本作以降は、出版社は光文社が中心になり、ハードカバーの単行本サイズとなってゆく。
本体に著者近影の写真があり、佐野洋の解説がある。
その内容は佐野が書いているように、土屋作品との出会いと、土屋が過去に書いている文章の紹介であり、その後に少しのこの作品の解説がある。
「(前略)。個人的な思い出にページを使いすぎたが、この小説についても一言触れて置こう。恐らく出版社は『土屋氏の何年ぶりの書き下ろし』というような宣伝をするであろう。 しかし、久しぶりであろうと、先月出して今月だろうと、作品の価値とは関係ないのだ。要はそれが面白い小説であるかどうかだ。その意味では、これは決して読者を失望させない小説だと保証するが、同業の後輩からみると、使われている技法が新鮮で、なるほどと勉強になった。(後略)」
長編「不安な産声」は、千草検事シリーズの最終作だ。
「過去の章」と「現在の章」が犯人側から書かれ、その次の「事件の章」が検事の側から描かれる、最後の「未来の章」は犯人の上申書として書かれている。

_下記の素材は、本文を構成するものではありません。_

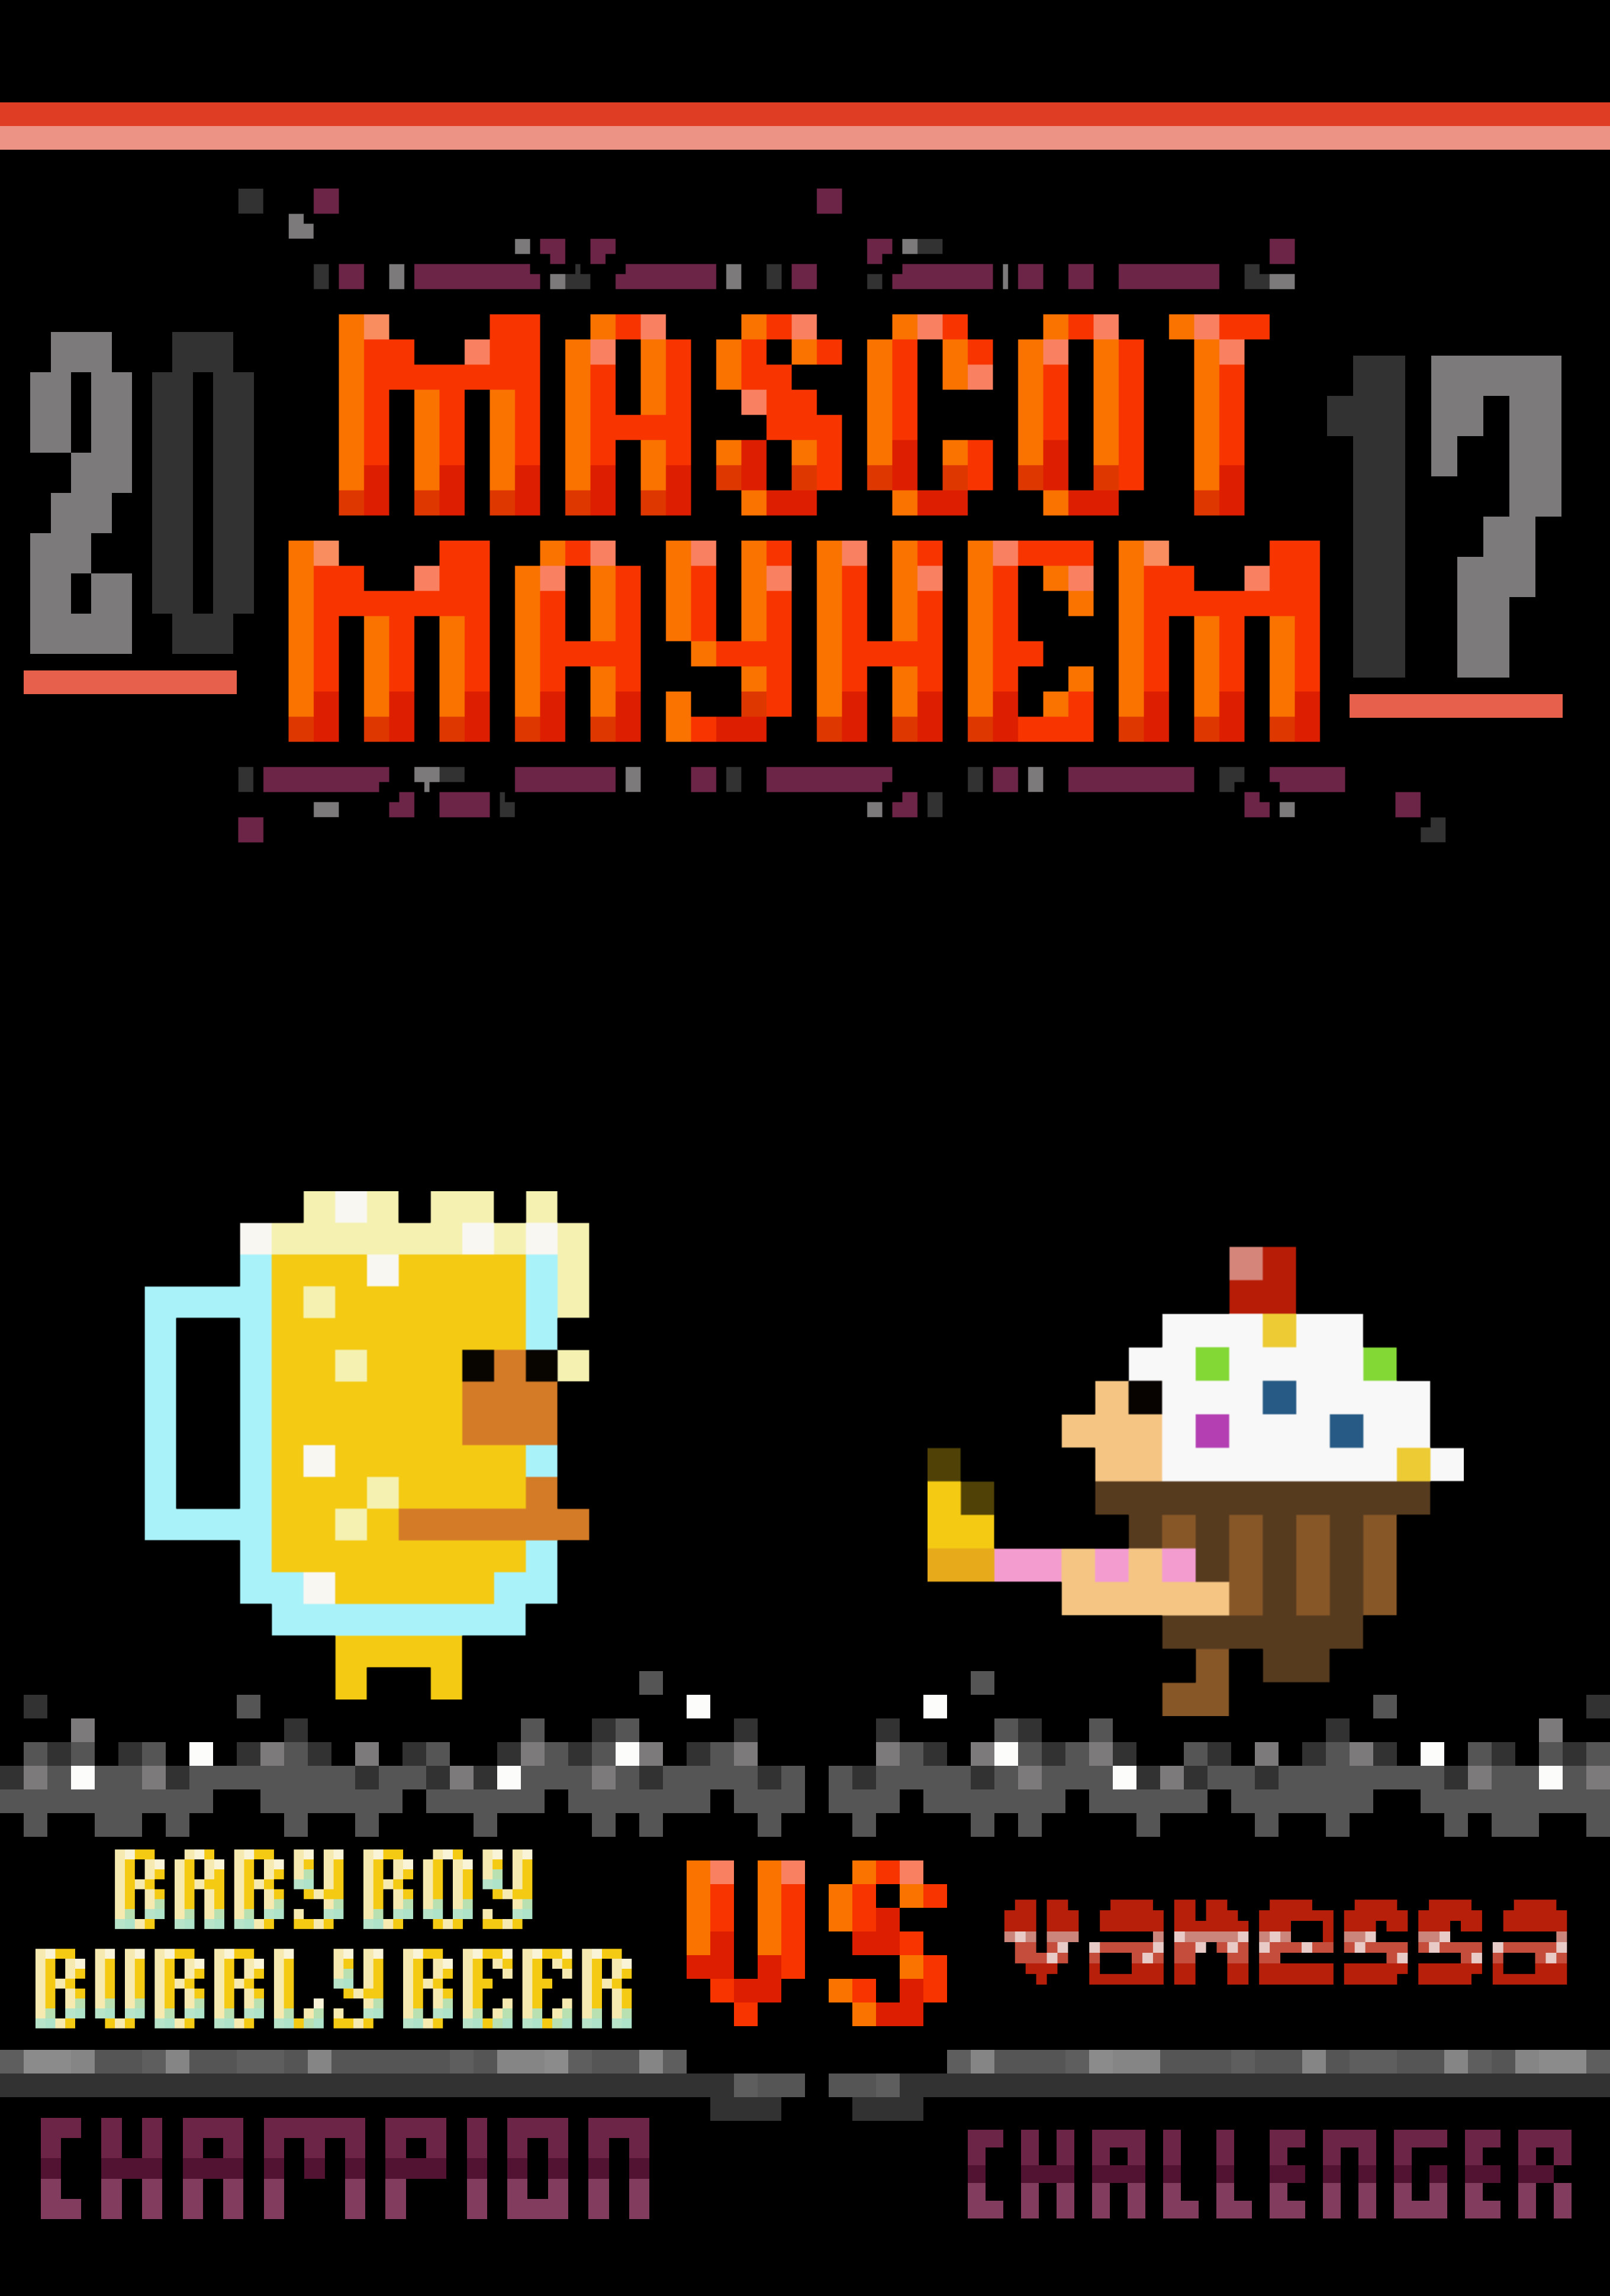 Teaser Poster for Mascot Mayhem

佐野は「上申書は倒叙の手法とも違っている。上申書は手紙であるから、その形は自由であり、作者が思う存分腕を振るうことができる。(後略)」と書いている。
(2025/12/02)
「土屋隆夫「華やかな喪服」」
土屋隆夫「華やかな喪服」は、1996年に光文社から出版された長編だ。
「華やかな喪服」は、ハードカバーの単行本で。帯に「『不安な産声』から七年--。」とある。
カバーには、「畢生尾の書き下ろし長編」と書かれており、本文のあらすじが書かれている。

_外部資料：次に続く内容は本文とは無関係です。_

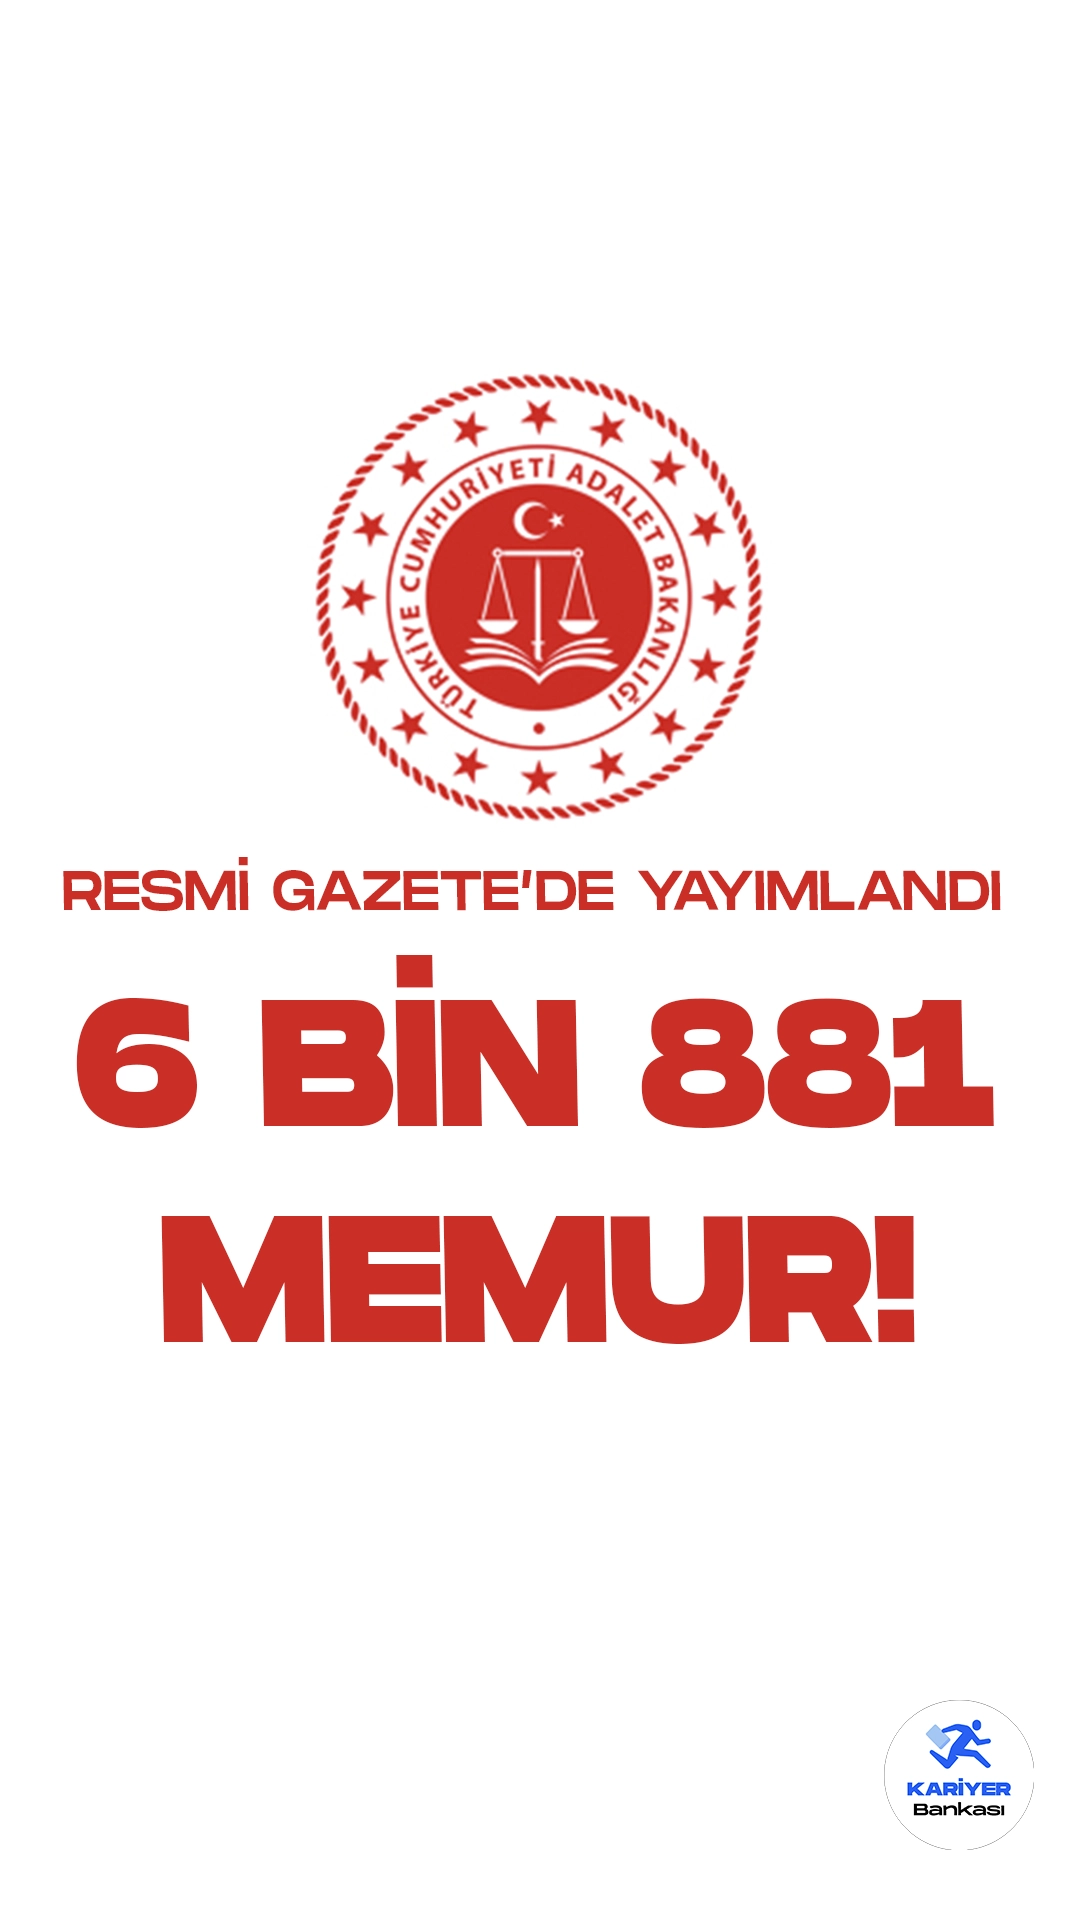 Adalet Bakanlığına 6 Bin 881 Memur Kadrosu İhdas Edildi.Cumhurbaşkanı Recep Tayyip Erdoğan’ın onayıyla Adalet Bakanlığına 6 bin 881 memur ihdası gerçekleştirildi.Bakanlık ve Bazı Kamu Kurum ve Kuruluşlarına kadro ihdas edilmesine ilişkin Cumhurbaşkanı Kararnamesi Resmi Gazete’nin 19 Ekim 2023 tarihli sayısında yayımlanarak yürürlüğe girdi.İlgili kararda Adalet Bakanlığı merkez ve taşra teşkilatı için 6 bin 881 kadro ihdası yapıldığı yapıldığı görülürken, alım yapılması planan kadro dağılımıda belli oldu.

この頃の土屋は、オーソドックスな本格推理小説ではなく、小説技法での色々な試みを行おうとしているようだ。
それ故に、千草検事の様なレギュラー探偵は起用せず、問題編と解決編のような書き方でもない。
それは、初期の長編のような作品を期待している人とは、乖離が生じたようだ。
本作は主に、二人の登場人物の、由紀と江森警部補の視点から交互に描かれており、それぞれが異なる謎を持つ二人探偵とも言える扱いとなっている。
二人が出会うまでをサスペンス色が濃く描き、出会うと一気に急な展開になってゆく。